It is tempting to conclude, with him, that this is
hardly a fruitful starting point. It may seem a
happier notion to contend, as Etherington does,
that ‘the listening subject holds no fixed position
within some formulaic model of transmission
and reception.’ Within such a conception, the
listening subject’s position is fluid; even if linear,
there is always the prospect of ‘jumping the rails’
into some new interpretive milieu. It is in this
sort of nexus that Etherington suggests that
‘listening does not rid us of the possessiveness
of the gaze, but it might disperse its tyranny’
(Etherington, 2010: 42). Yet to be in flux, to
hold on to the possibility of multiple strands of
listening practice, necessitates simultaneously
accepting that, at the very least, eavesdropping
might express a part of what it is that a subject
does, or might do, when it listens.
If the figure of the eavesdropper may initially
have appeared to be an unfamiliar stranger
within the world of listening, the language of
listening suggests something rather different.
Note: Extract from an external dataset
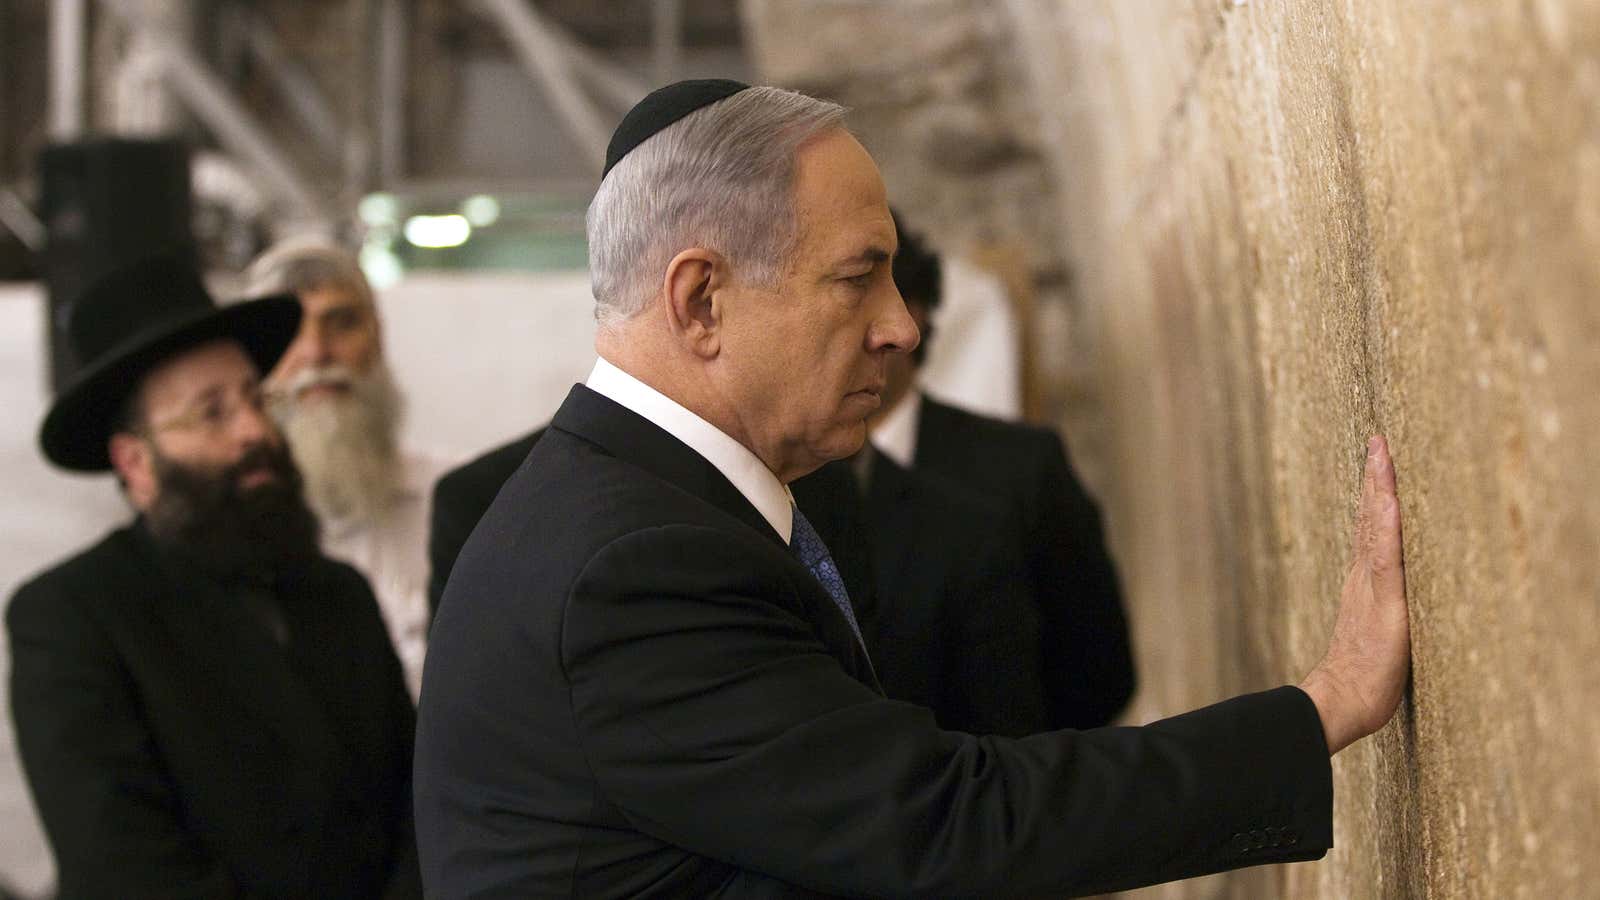 Israel’s Prime Minister Benjamin Netanyahu touches the stones of the Western Wall, Judaism’s holiest prayer site, in Jerusalem’s Old City a day after winning Israel’s election for prime minister.

French, like English, divides the functions of the
sense in two: écouter (‘to listen to’) and entendre
(‘to hear’). Yet the etymologies, and the various
linguistic intersections designated by these
words, may be more enlightening than their
English analogues at first suggest.
In answering the question, what it might be to be listening, to be ‘all ears’, Nancy observes:
After it had designated a person who listens (who
spies), the word écoute came to designate a place
where one could listen in secret. Être aux écoutes,
‘to listen in, to eavesdrop,’ consisted first in being
in a concealed place where you could surprise a
conversation or a confession. Être à l’écoute, ‘to
be tuned in, to be listening,’ was in the vocabulary
of military espionage before it returned, through
broadcasting, to the public space, while still
remaining, in the context of the telephone, an affair
of confidences or stolen secrets. (Nancy 2007: 4)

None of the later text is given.